06 - penolakan

362 21 0
                                    

          Pagi-pagi Arion sudah mengelilingi kamar. Ia mencari Thalita. Saat bangun tidur dia tidak mendapatkan Thalita di kamar. Ia bergegas menuju kolam renang, mungkin saja Thalita ingin berenang pagi ini. Sampai di sana tidak terlihat istrinya. Arion mendengus kesal dan saat ia berbalik melihat Thalita baru saja masuk.

       Entah mengapa, tidak melihat Thalita pagi hari membuat perasaannya ada yang kurang. Setidaknya dia sekarang sudah memperistri gadis itu, walaupun belum pernah ia sentuh. Sial! Keadaan itu sangat menyiksanya.

      "Kemana saja kau pergi?" teriak Arion. Dia sangat posesif. Saat melihat wanitanya sudah di depannya.

     "Gym."

       "Gym? Kenapa kau pergi ke sana?!"

      Thalita tidak peduli raungan Arion. Dia mengelap keringatnya dan masuk ke kamar mandi. Setelah berganti baju Thalita melihat meja makan sudah ada sarapan. Arion tidak akan pergi kerja sebelum sarapan bersama Thalita. Andaikan Arion suami yang sesungguhnya bagi Thalita. Gadis itu pasti bahagia.

Thalita menunggu di meja makan. Tiba-tiba Arion datang dengan ekspresi datar. Thalita kadang bingung melihat laki-laki itu. Dia bisa tenang tapi juga bisa mengamuk di waktu bersamaan.

Dari mana dia pergi tadi ?

      "Aku.” Thalita menghentikan ucapannya. Dia tidak ingin memulai pembicaraan lebih dahulu.

      "Aku mau kau tidak keluar dari tempat ini lagi. Kau dengar! Tinggal di sini sampai aku pulang kerja, kali ini kau harus mengikuti apa kataku." Tegas Arion. Bahkan tadi dia pergi untuk melihat tempat gym yang didatangi Thalita. Memastikan kalau di sana tidak bercampur dengan kaum laki-laki.

      "Kau dengar itu, Thalita Aryashuta!"

Suara Arion keras. Wajahnya serius. Renungannya cukup tajam. Kedua bola matanya sudah hampir keluar. Tapi tidak membuat Thalita sedikit pun merasa takut.
Thalita menggeser piringnya. Moodnya jadi buruk. Dia menatap kasar pada Arion.

      "Kau tidak bisa melarangku!"

      "Aku yang mengatur. Bukan dirimu!"

       Mereka hanya tinggal berdua di dalam kamar menyebabkan Arion dengan mudah melakukan apa pun terhadap Thalita. Jeritan, sepak terjang dan segala maki sudah dibuat Thalita melawan Arion. Itu semua percuma.

        Yang diinginkan Thalita adalah keluar dari kehidupan Arion, bebas dari laki-laki yang sama sekali ia tidak kenal itu. Ia meruntuki Arion dalam hatinya, yang katanya mencintainya itu malah lebih banyak memarahinya daripada memberi perhatian.

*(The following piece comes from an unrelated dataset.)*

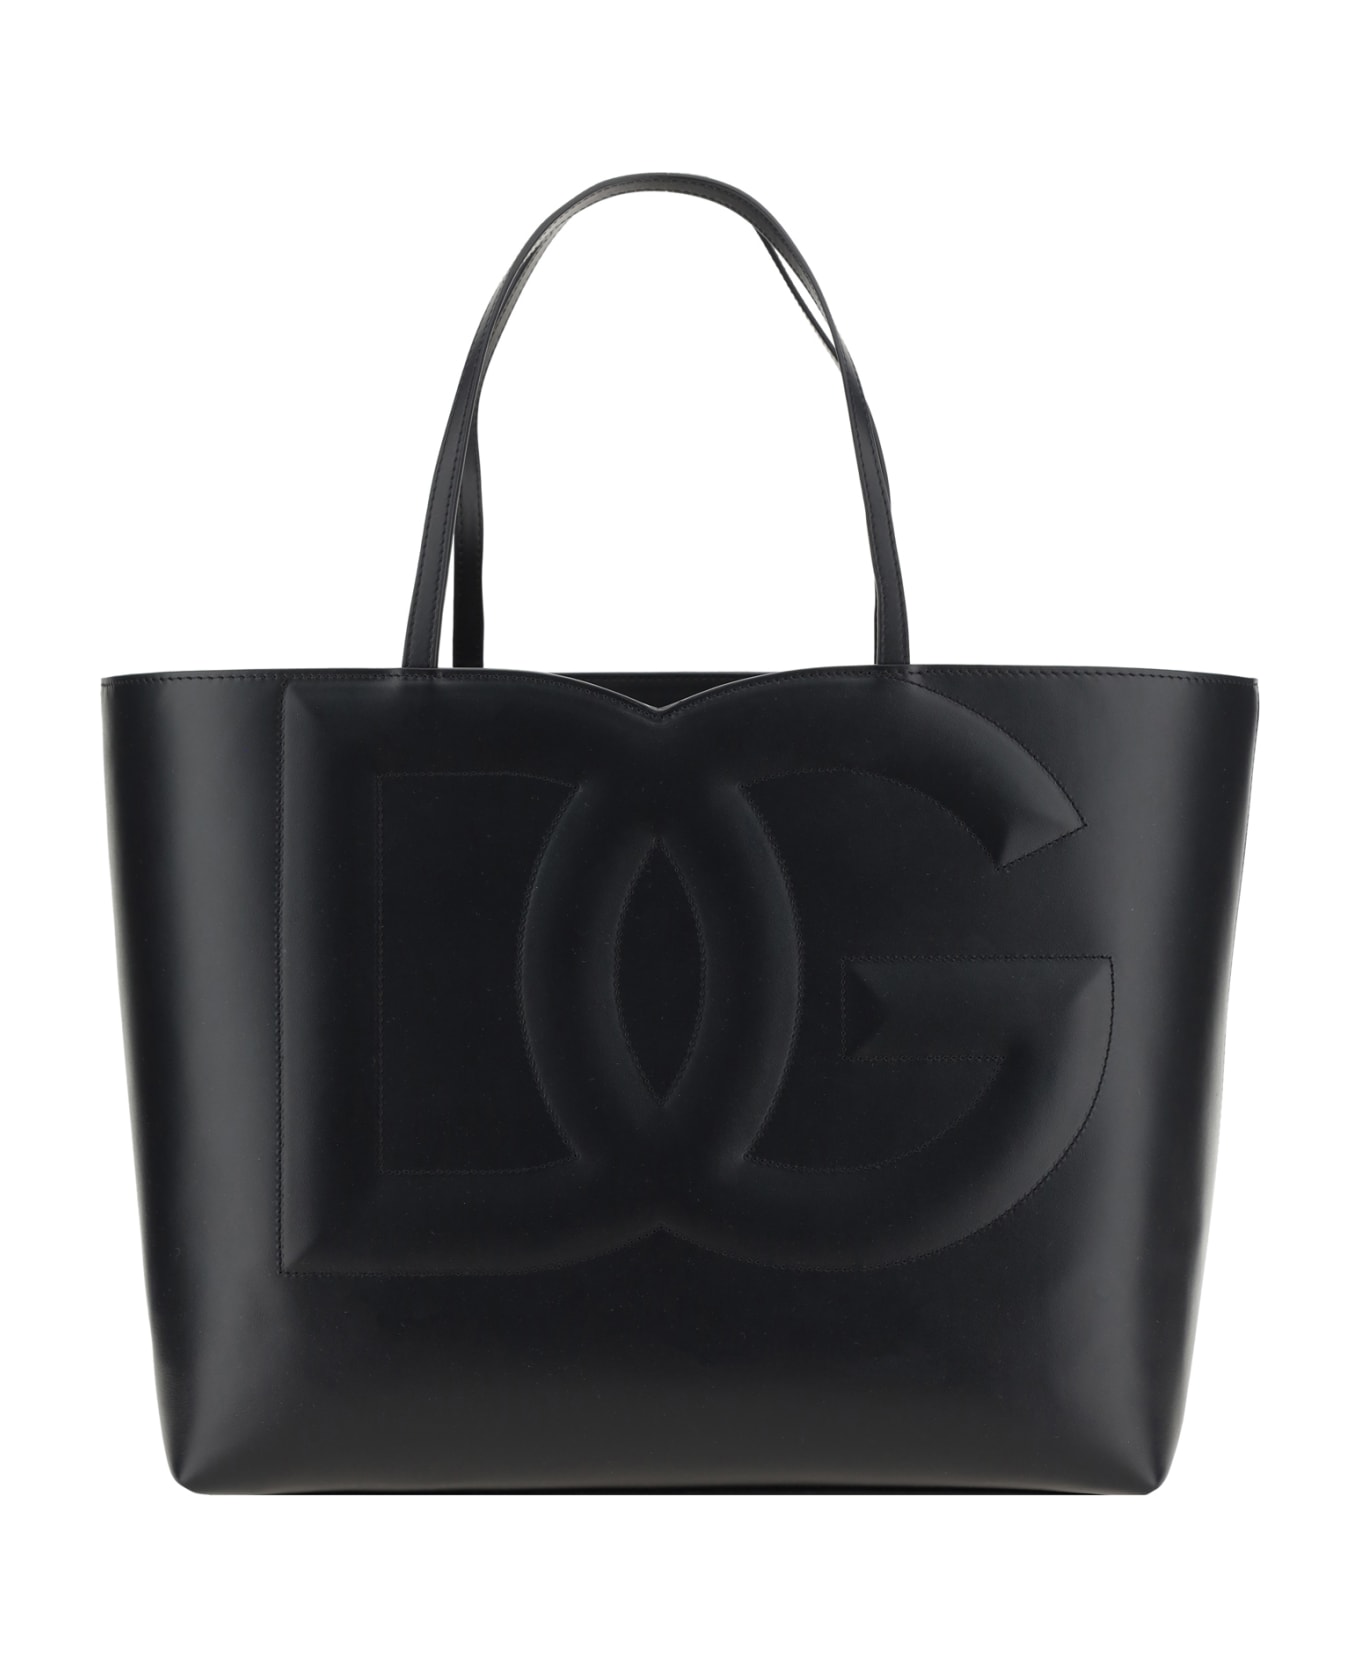 Dolce & Gabbana Shopping Bag - Black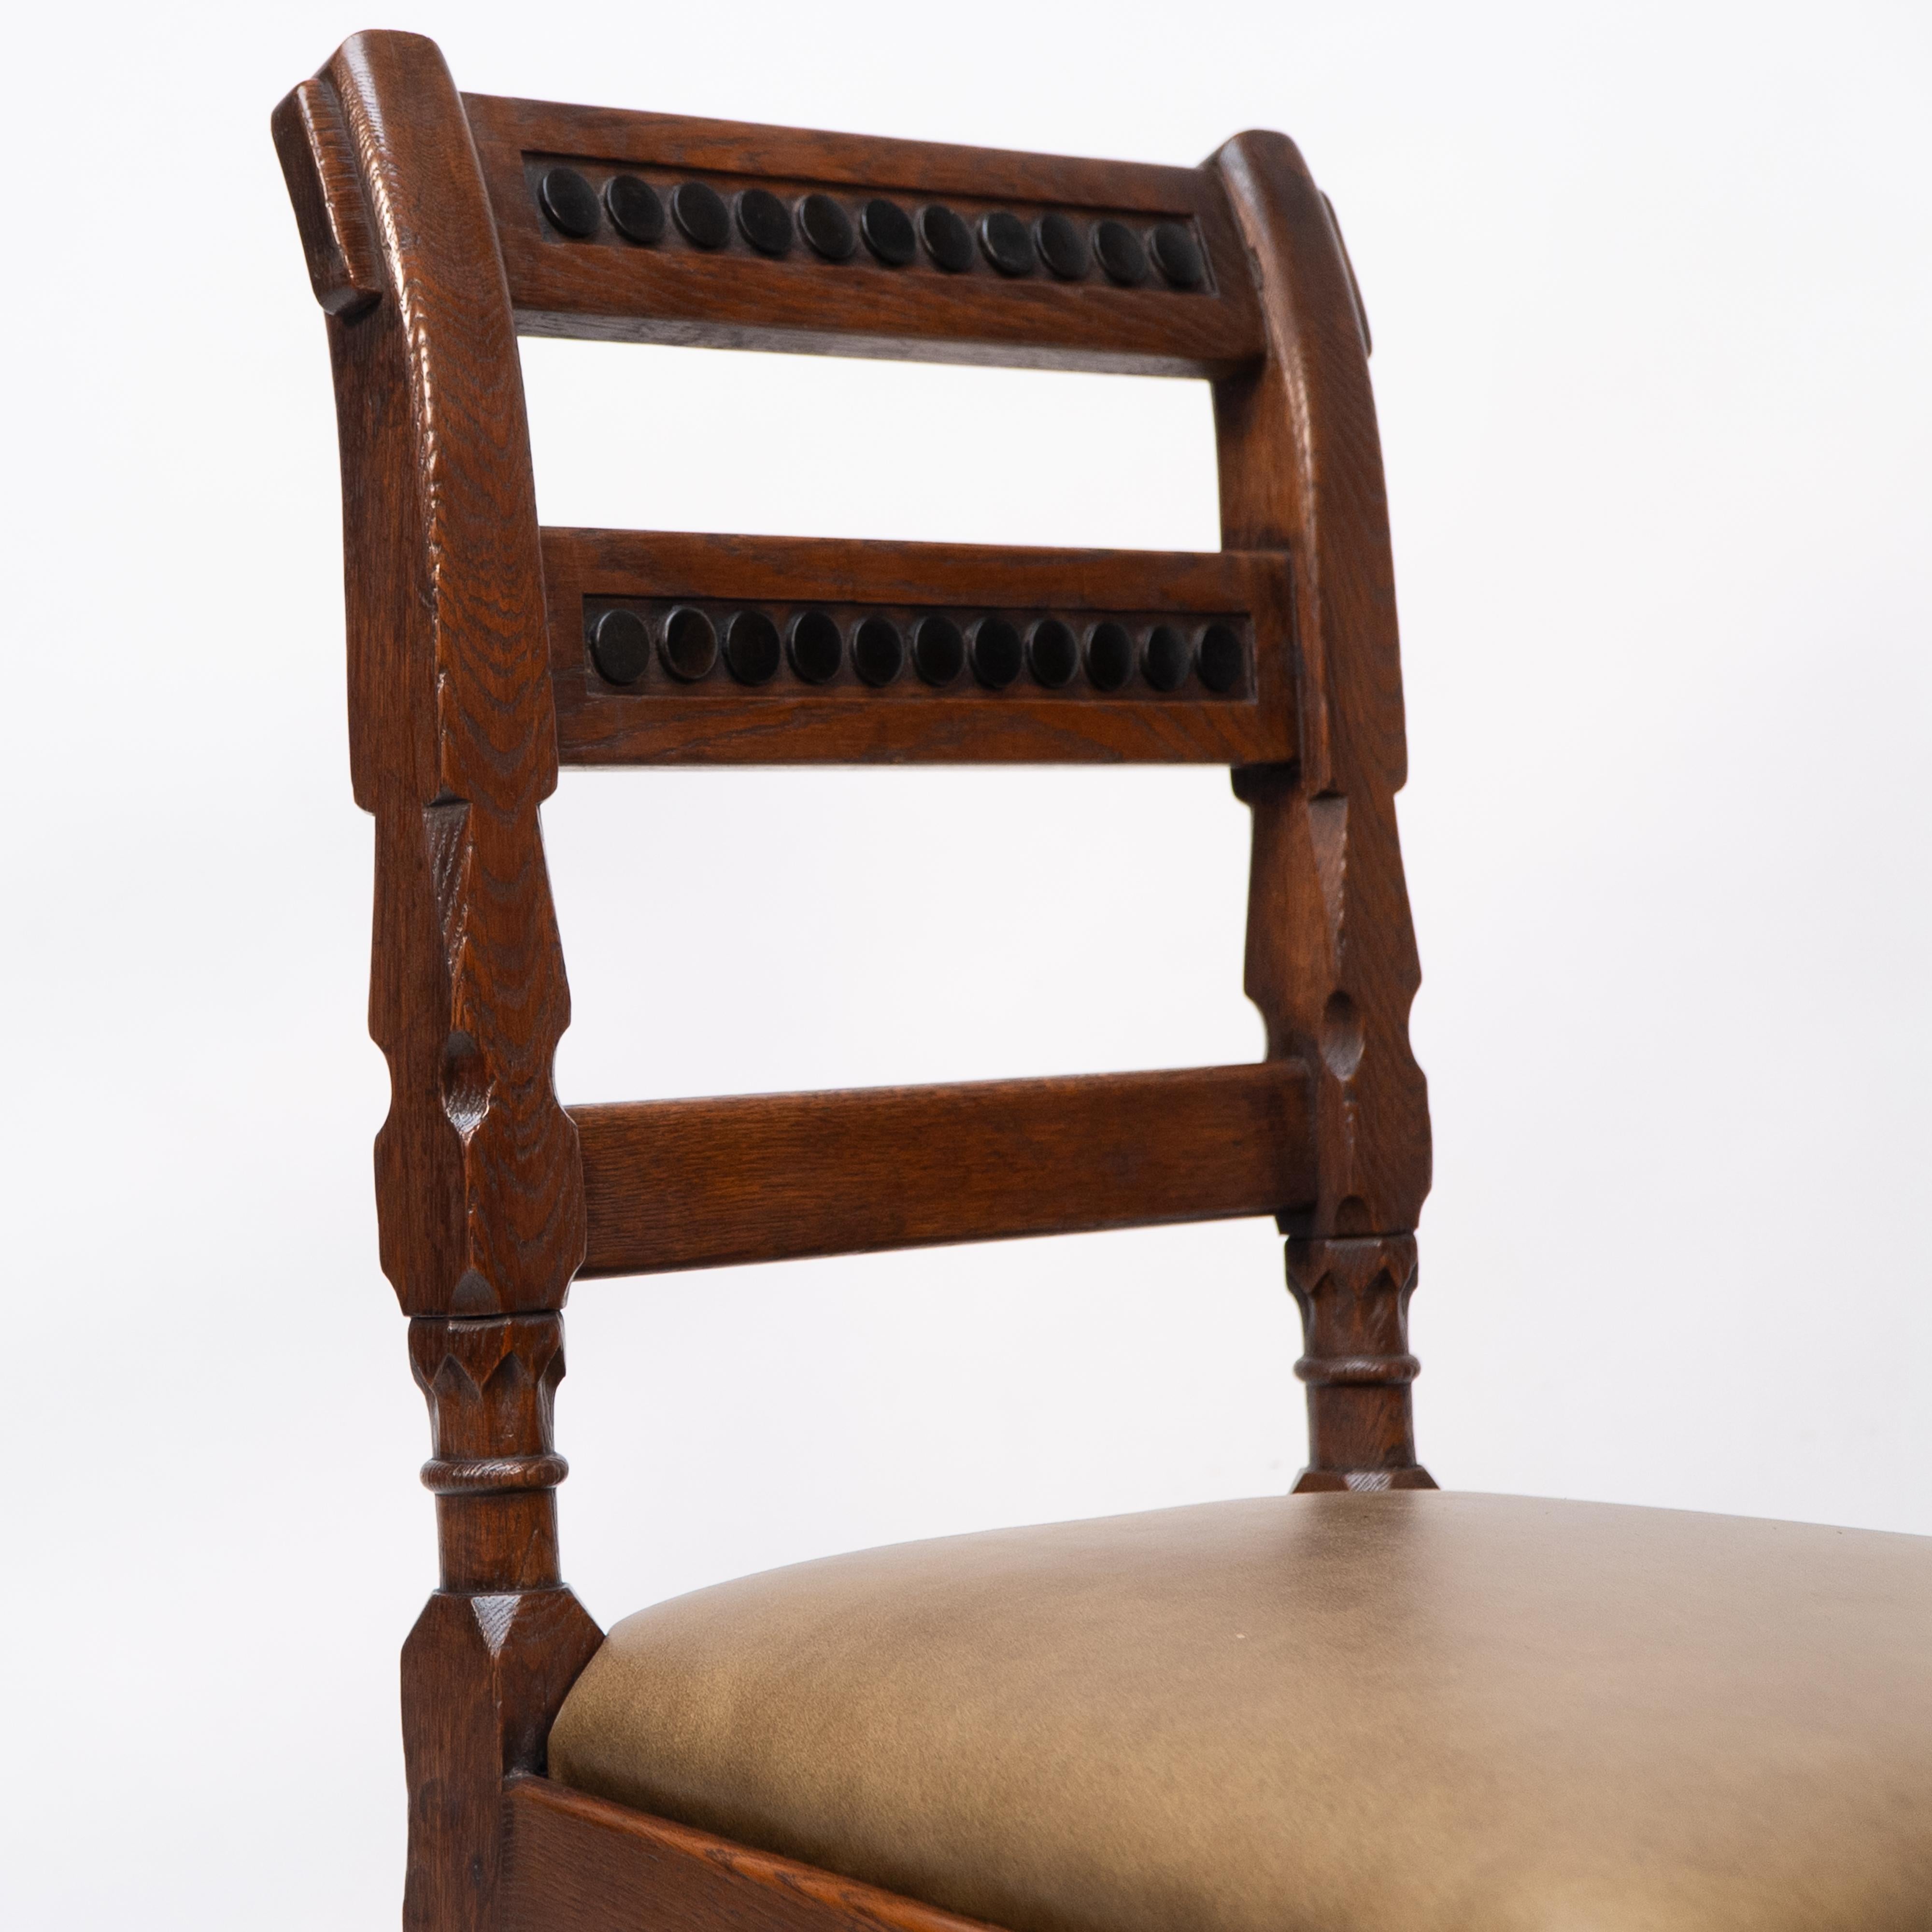 J P Seddon attri. An Aesthetic Movement oak side chair with ebonized circles For Sale 2

      "Aku bukan burung yang harus diam di dalam sangkar emasnya,” jawab Thalita dengan berani.

      "Kemana lagi kau ingin pergi! Kau hanya perlu menunggu sampai aku pulang. Ini bukan negaramu Thalita." Arion keras dengan keputusannya. Thalita juga belum mau menyerah. Dia senang memancing amara Arion.

      "Aku bisa kemana pun yang aku inginkan." Thalita membantah.

      "Jangan membantah, Thalita!" bentak Arion.

      "Kau tidak bisa mengatur hidupku sesuka hatimu. Walaupun aku istrimu.” Lancar lidah Thalita berkata. Matanya jelas melawan Arion.

           Arion mendorong Thalita hingga jatuh ke atas tempat tidur. Ia merayap di atas tubuh gadis itu tanpa bersentuhan. Arion tidak bergeming menatap Thalita yang sudah ketakutan. Ia bisa melihat dengan jelas tubuh gadis itu gemetar. Kejadian kemarin membuat Arion gelisah. Ia tidak akan membiarkan Thalita lari untuk ke dua kalinya.